Given entries:
::::
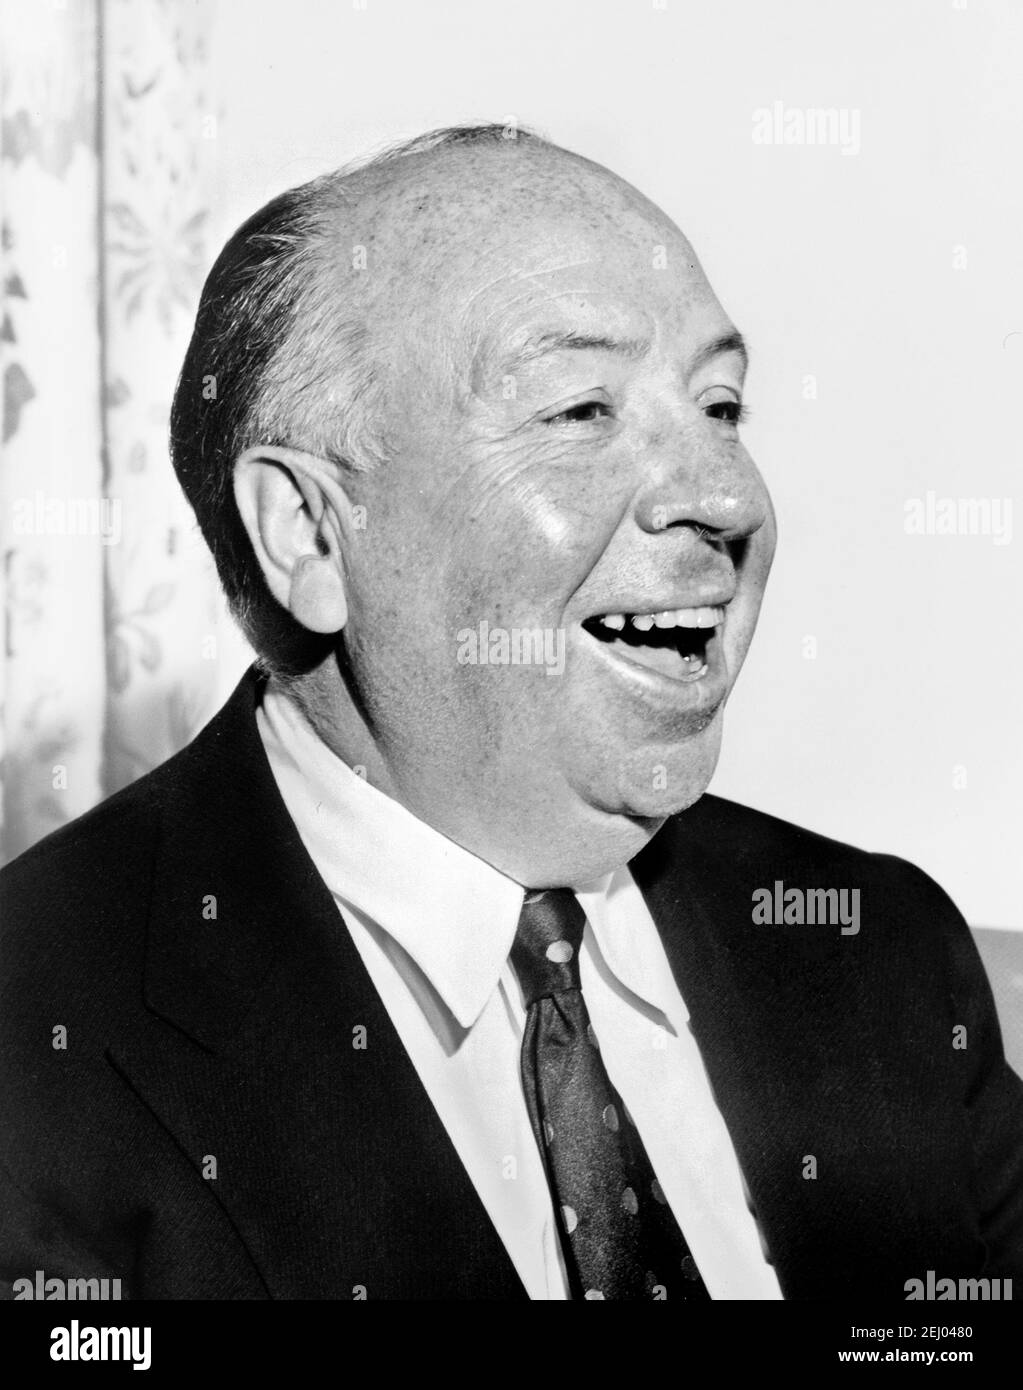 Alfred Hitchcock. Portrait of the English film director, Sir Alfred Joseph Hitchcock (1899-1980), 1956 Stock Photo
::::
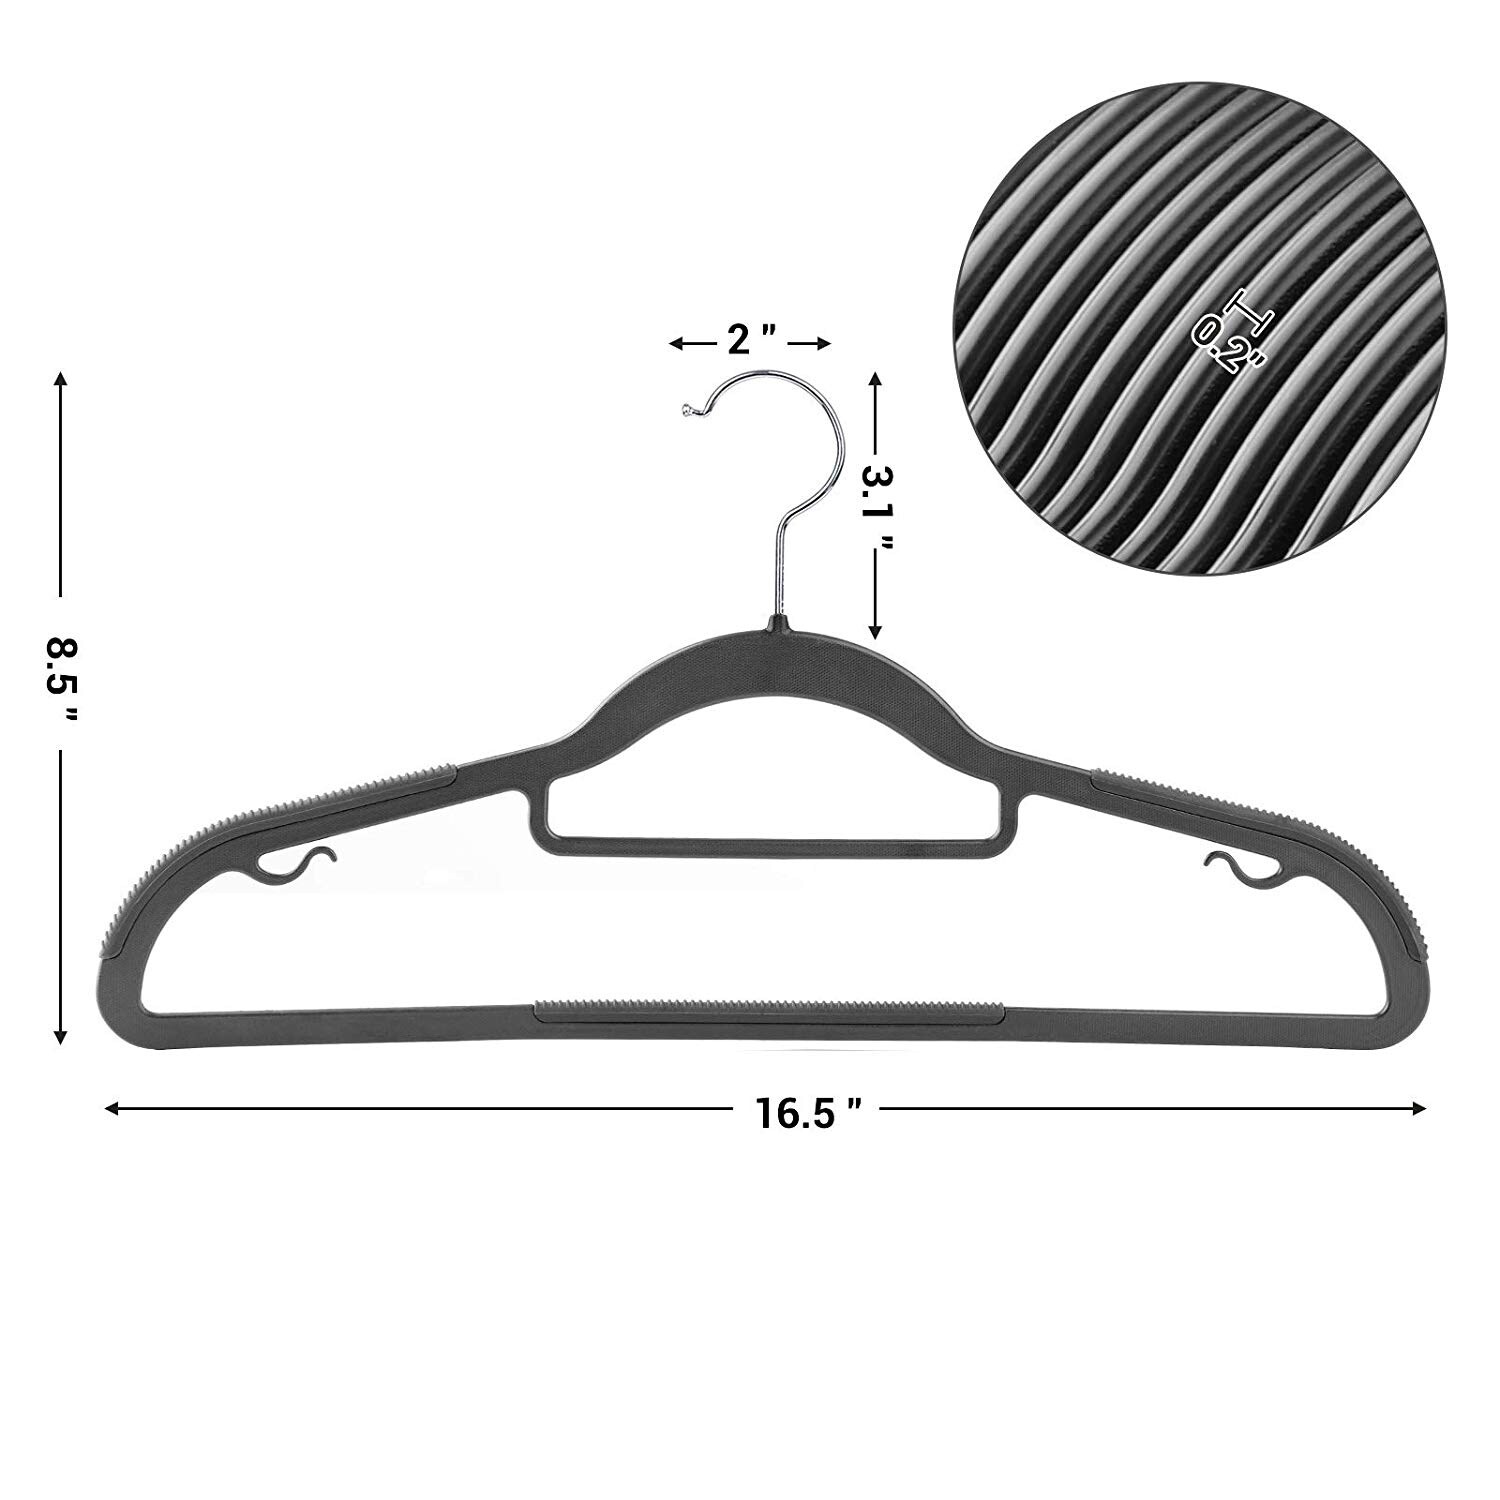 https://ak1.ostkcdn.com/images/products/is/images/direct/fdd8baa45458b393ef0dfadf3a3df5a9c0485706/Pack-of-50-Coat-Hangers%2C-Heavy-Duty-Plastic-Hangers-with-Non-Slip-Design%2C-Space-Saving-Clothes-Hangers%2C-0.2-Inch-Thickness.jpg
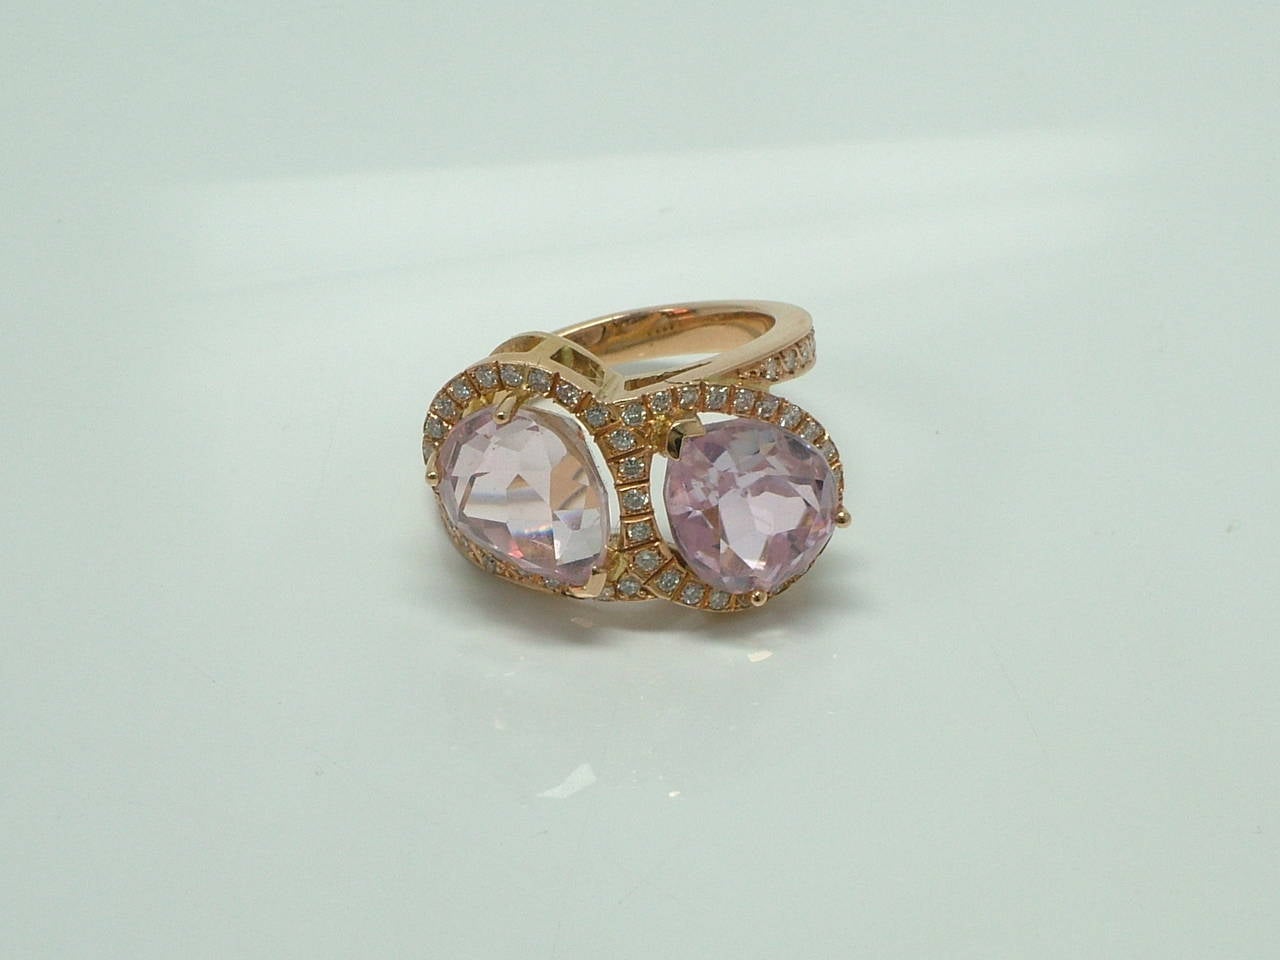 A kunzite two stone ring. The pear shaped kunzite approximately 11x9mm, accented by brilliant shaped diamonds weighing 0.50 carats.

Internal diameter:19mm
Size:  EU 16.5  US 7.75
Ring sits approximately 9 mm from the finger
::::
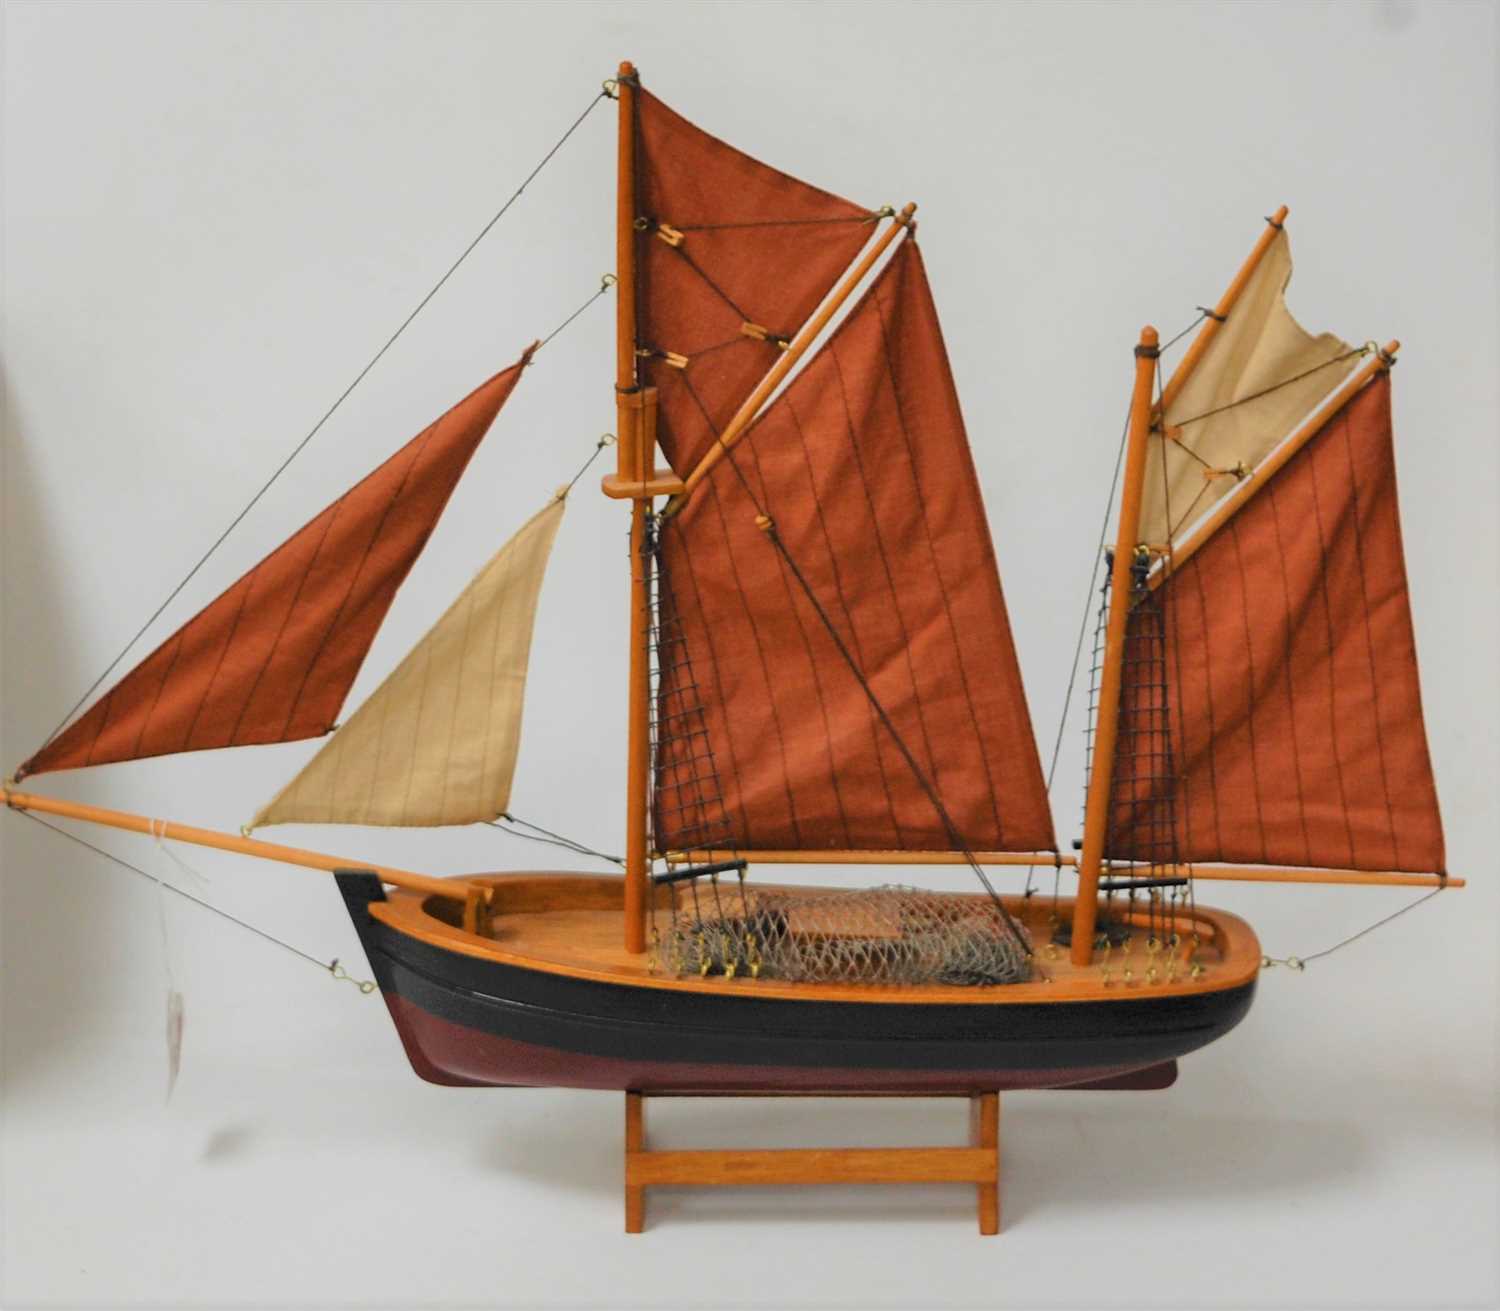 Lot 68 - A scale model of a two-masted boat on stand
::::
Task item:
Once the line with "A kunzite two" is found above, print it and every line after it through the line with "Ring sits approximately 9 mm from the finger", exactly. Pictures stay out.

Answer area:
 A kunzite two stone ring. The pear shaped kunzite approximately 11x9mm, accented by brilliant shaped diamonds weighing 0.50 carats.

Internal diameter:19mm
Size:  EU 16.5  US 7.75
Ring sits approximately 9 mm from the finger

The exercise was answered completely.